Information provided:
↓↓↓

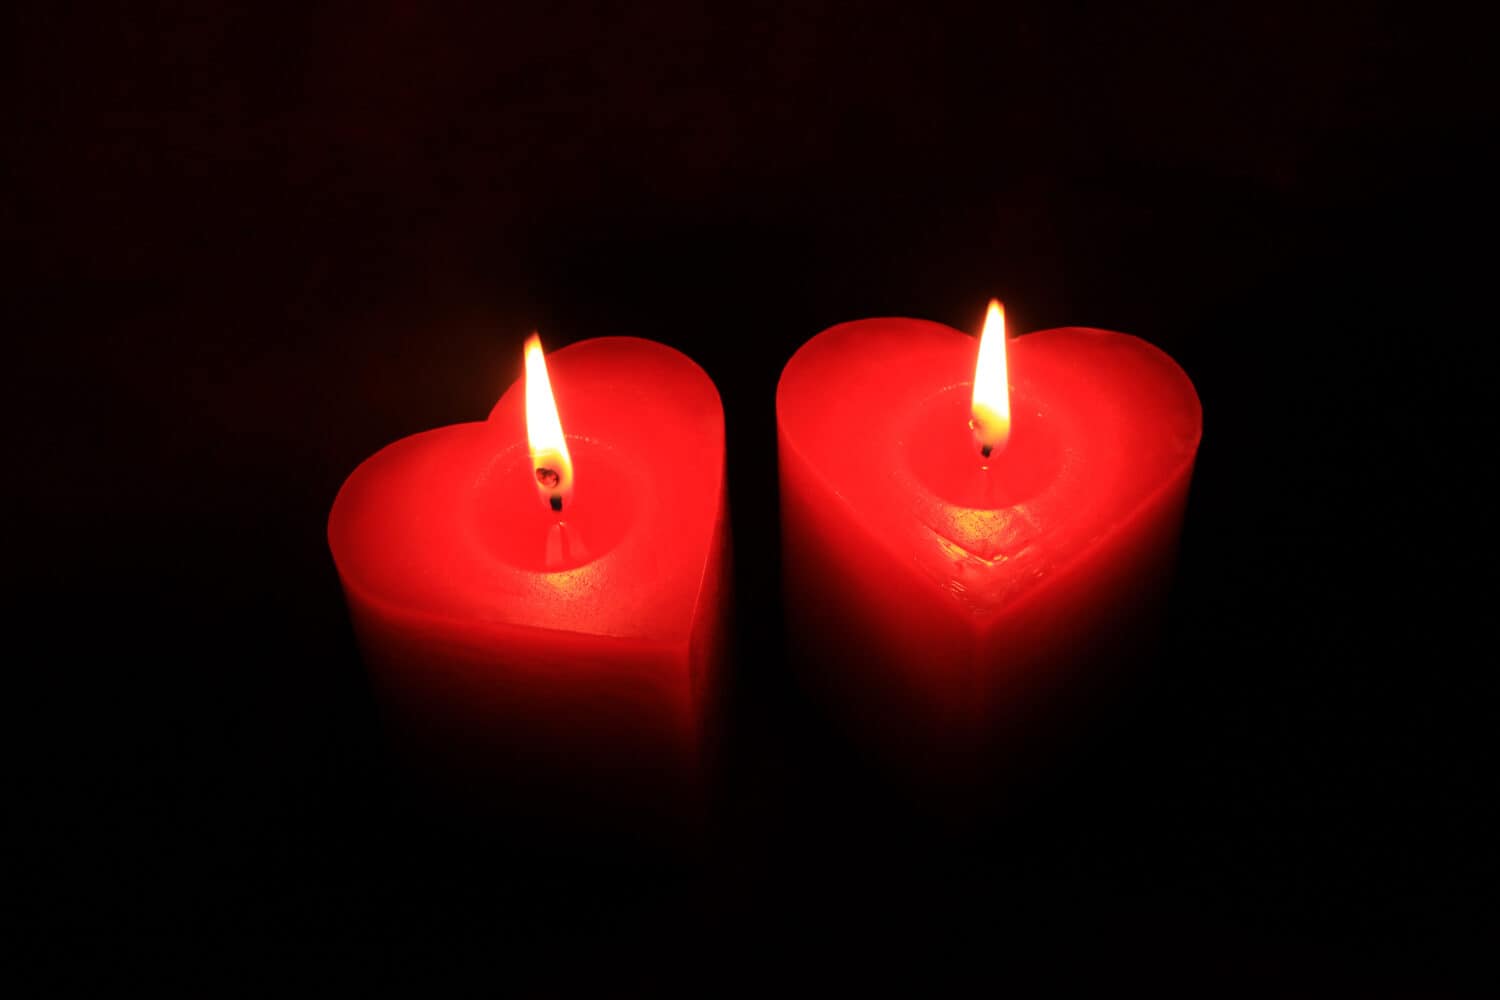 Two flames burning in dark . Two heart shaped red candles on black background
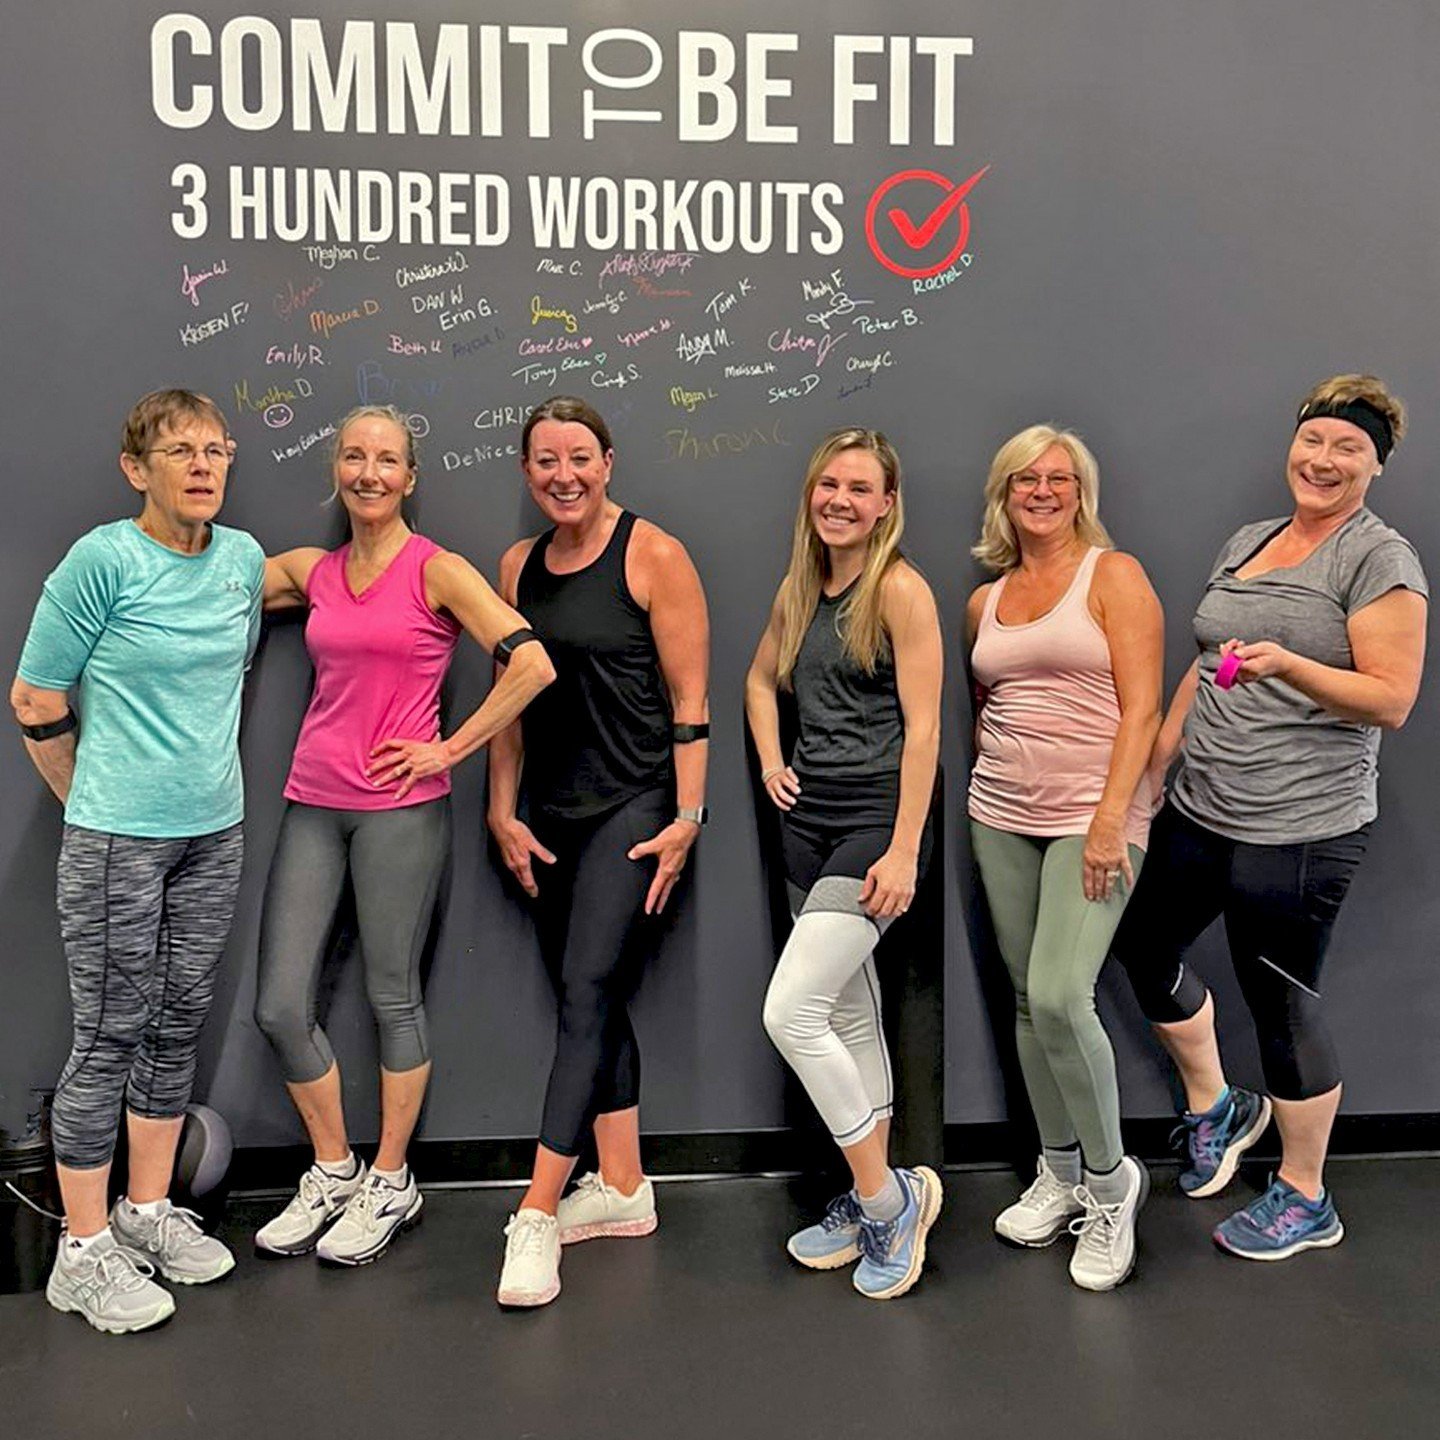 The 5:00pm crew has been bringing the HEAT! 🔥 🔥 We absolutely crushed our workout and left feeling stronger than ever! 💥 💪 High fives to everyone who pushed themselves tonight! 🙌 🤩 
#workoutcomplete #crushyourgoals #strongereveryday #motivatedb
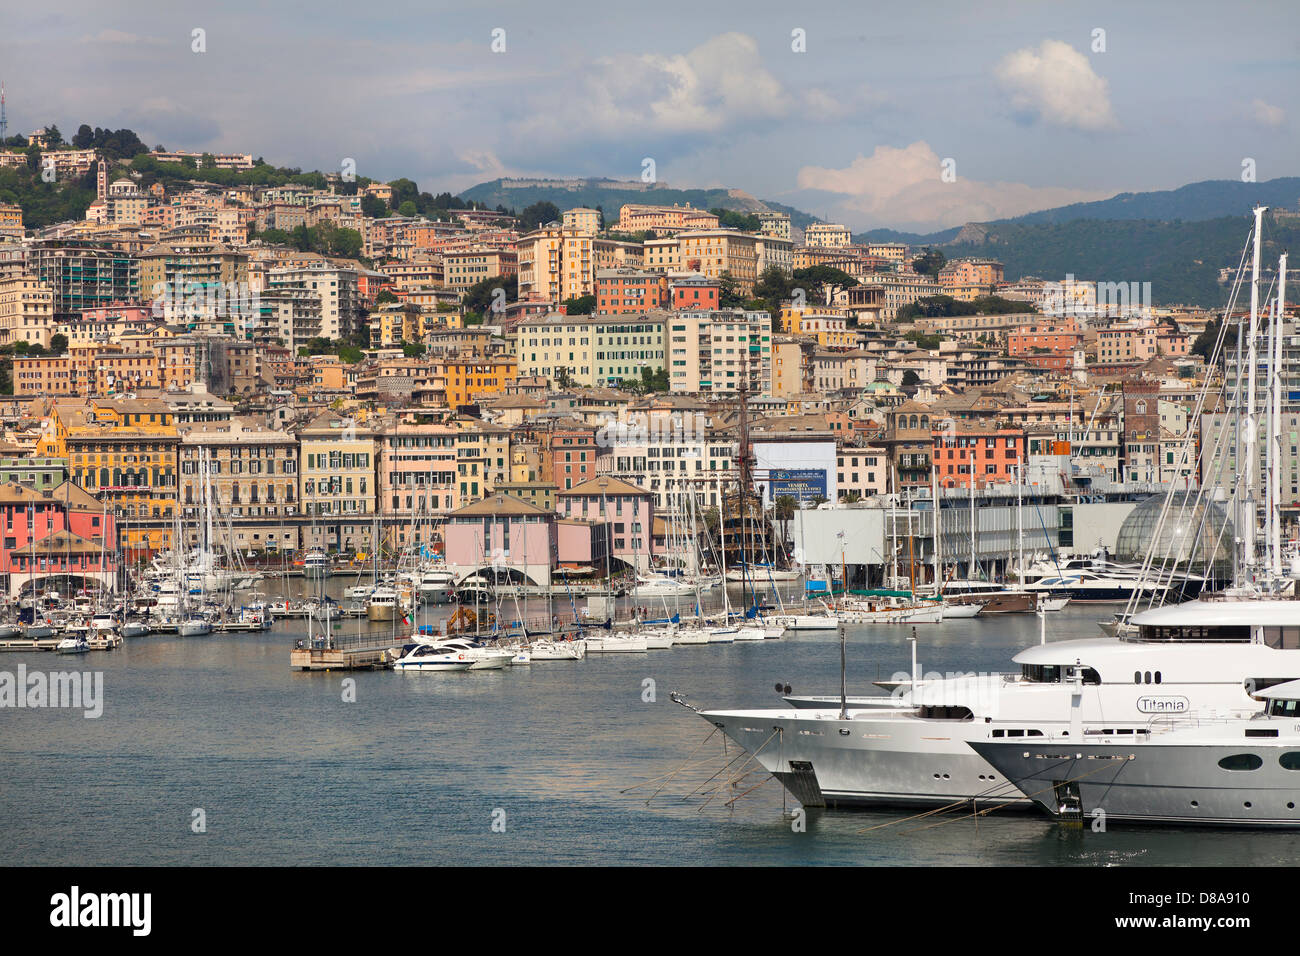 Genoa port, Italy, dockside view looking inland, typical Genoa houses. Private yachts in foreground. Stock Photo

↑↑↑

What you should do: Your answer must contain the full data, repeated exactly, without pictures.

Output of the exercise:
 Two flames burning in dark . Two heart shaped red candles on black background
 The 5:00pm crew has been bringing the HEAT! 🔥 🔥 We absolutely crushed our workout and left feeling stronger than ever! 💥 💪 High fives to everyone who pushed themselves tonight! 🙌 🤩 
#workoutcomplete #crushyourgoals #strongereveryday #motivatedb
 Genoa port, Italy, dockside view looking inland, typical Genoa houses. Private yachts in foreground. Stock Photo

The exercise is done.